Affiliation: School of Electrical Engineering, Korea Advanced Institute of Science and Technology (KAIST)

Email: leebk@kaist.ac.kr, arkimjh@kaist.ac.kr, ymro@kaist.ac.kr


This is official PyTorch Implementation code for the paper of "Masking Adversarial Damage: Finding Adversarial Saliency for Robust and Sparse Network" accepted in CVPR 2022. To bridge adversarial robustness and model compression, we propose a novel adversarial pruning method, Masking Adversarial Damage (MAD) that employs second-order information of adversarial loss.
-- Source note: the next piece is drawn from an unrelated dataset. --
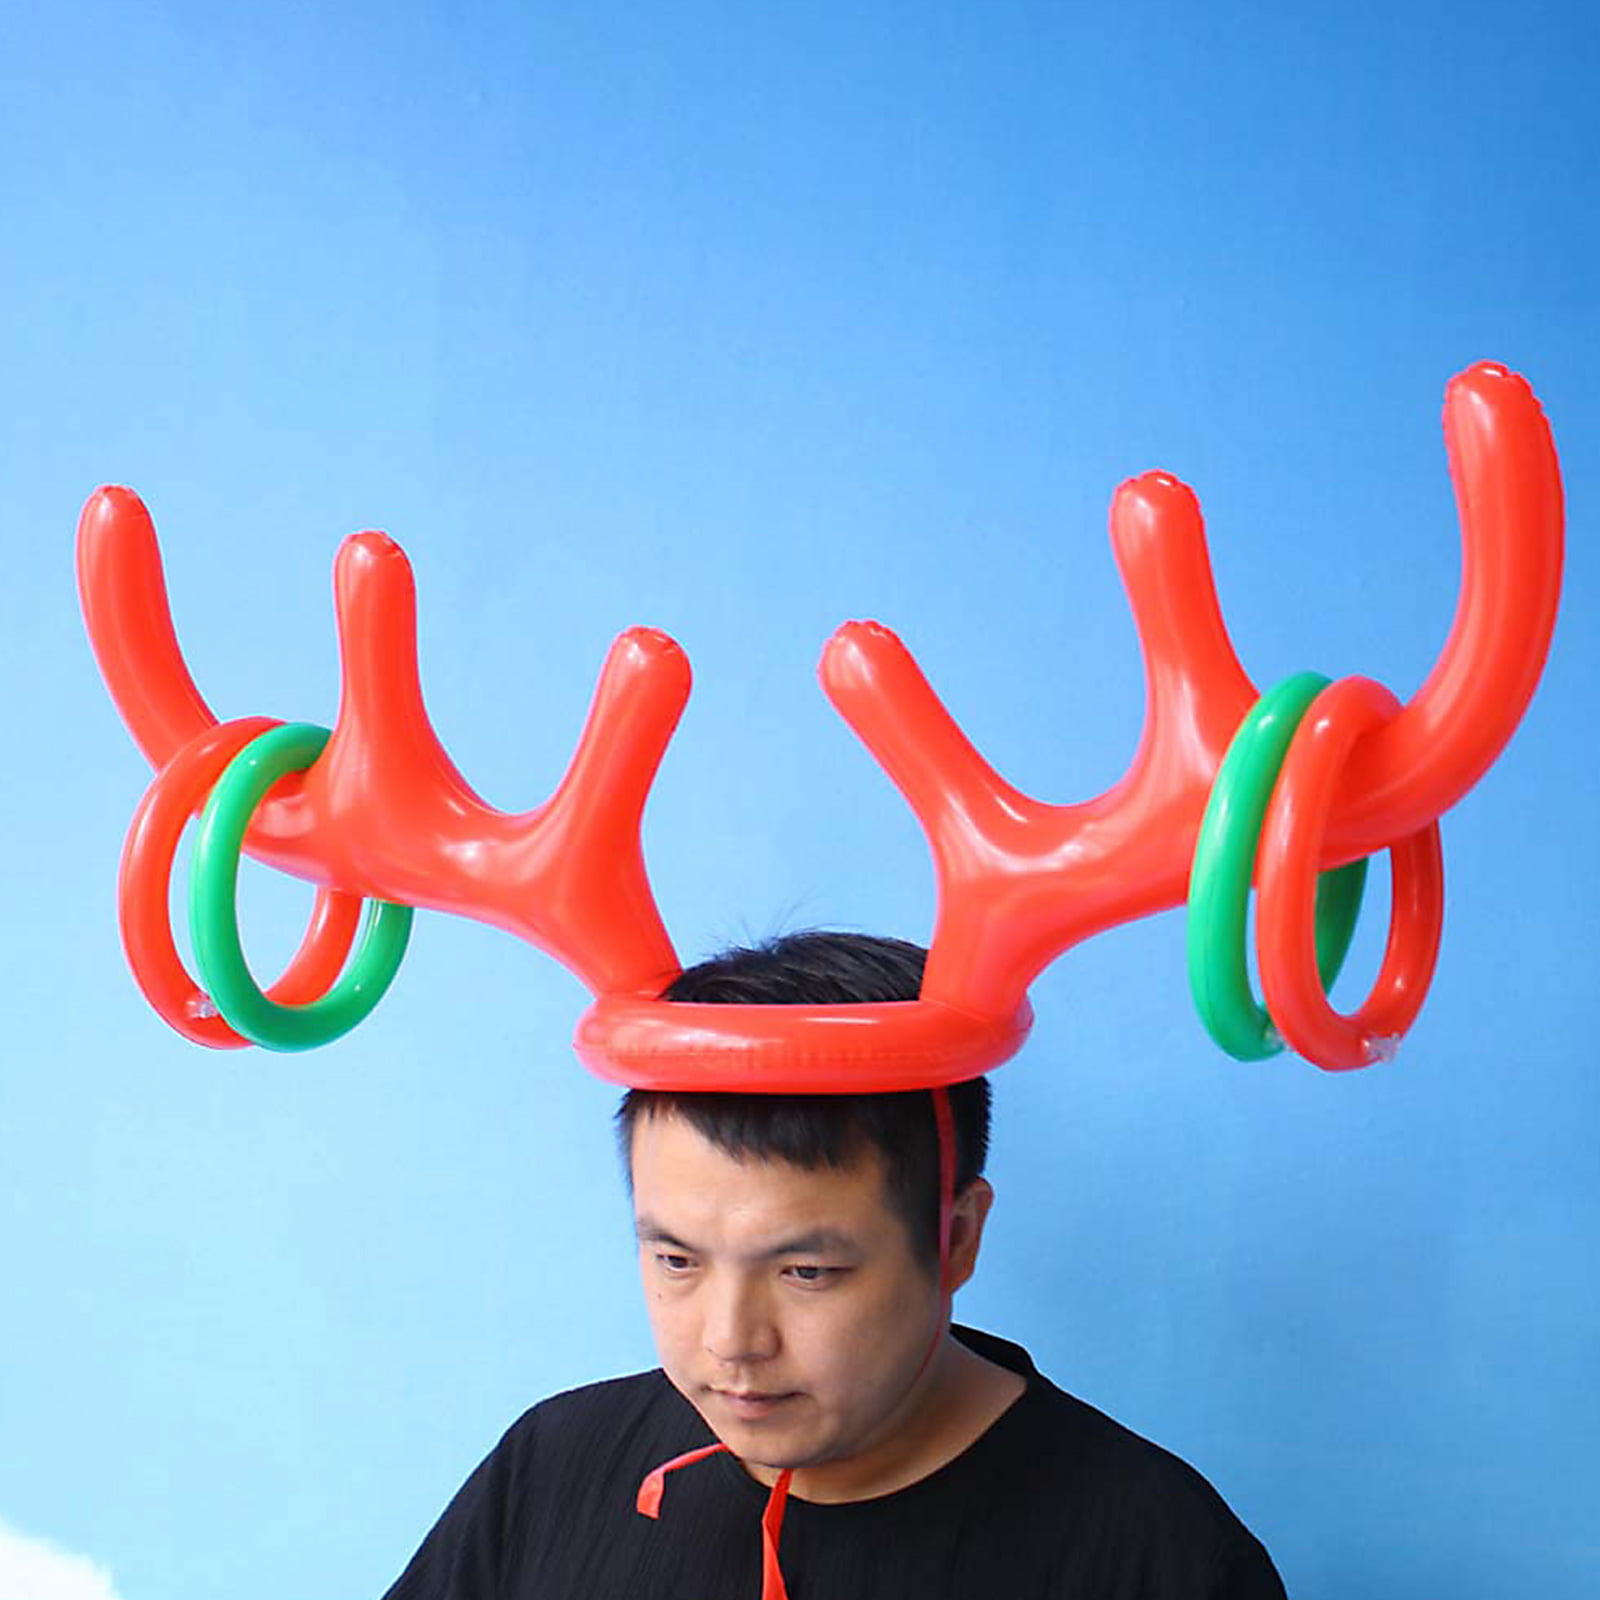 COSORO 2Pcs Christmas Party Inflatable Reindeer Antler Hat Ring Toss Game with Rings for Family Kids Office Xmas Holiday Party Fun Games

By using it, we can accurately estimate adversarial saliency for model parameters and determine which parameters can be pruned without weakening adversarial robustness.

Furthermore, we reveal that model parameters of initial layer are highly sensitive to the adversarial examples and show that compressed feature representation retains semantic information for the target objects.

Through extensive experiments on public datasets, we demonstrate that MAD effectively prunes adversarially trained networks without loosing adversarial robustness and shows better performance than previous adversarial pruning methods. For more detail, you can refer to our paper that will be accessible to public soon!.

Adversarial attacks can potentially cause negative impacts on various DNN applications due to high computation and its fragility. By pruning model parameters without weakening adversarial robustness, our work contributes important societal impacts in this research area. Furthermore, in our promising observation that model parameters of initial layer are highly sensitive to adversarial loss, we hope to progress in another future direction of utilizing such property to enhance adversarial robustness.

In conclusion, in order to achieve adversarial robustness and model compression concurrently, we propose a novel adversarial pruning method, Masking Adversarial Damage (MAD). By exploiting second-order information with mask optimization and Block-wise K-FAC, we can precisely estimate adversarial saliency of the whole parameters. Through extensive validations, we corroborate pruning model parameters in order of low adversarial saliency retains adversarial robustness while alleviating less performance degradation compared with previous adversarial pruning methods.


Datasets


Networks


Masking Adversarial Damage (MAD)

Step 1. Finding Adversarial Saliency

  • Run compute_saliency.py (Procedure of saving a pickle file for adversarial saliency to all model parameters. Then, you should need a folder (e.g., pickle folder) in which the pickle file is saved)
# model parameter
parser.add_argument('--dataset', default='cifar10', type=str) # 'svhn', 'tiny'
parser.add_argument('--network', default='vgg', type=str) # 'resnet', 'wide'
parser.add_argument('--depth', default=16, type=int) # 18 (ResNet), 28 (WideResNet)
parser.add_argument('--device', default='cuda:0', type=str)
parser.add_argument('--batch_size', default=128, type=float)

# attack parameter
parser.add_argument('--attack', default='pgd', type=str)
parser.add_argument('--eps', default=0.03, type=float)
parser.add_argument('--steps', default=10, type=int)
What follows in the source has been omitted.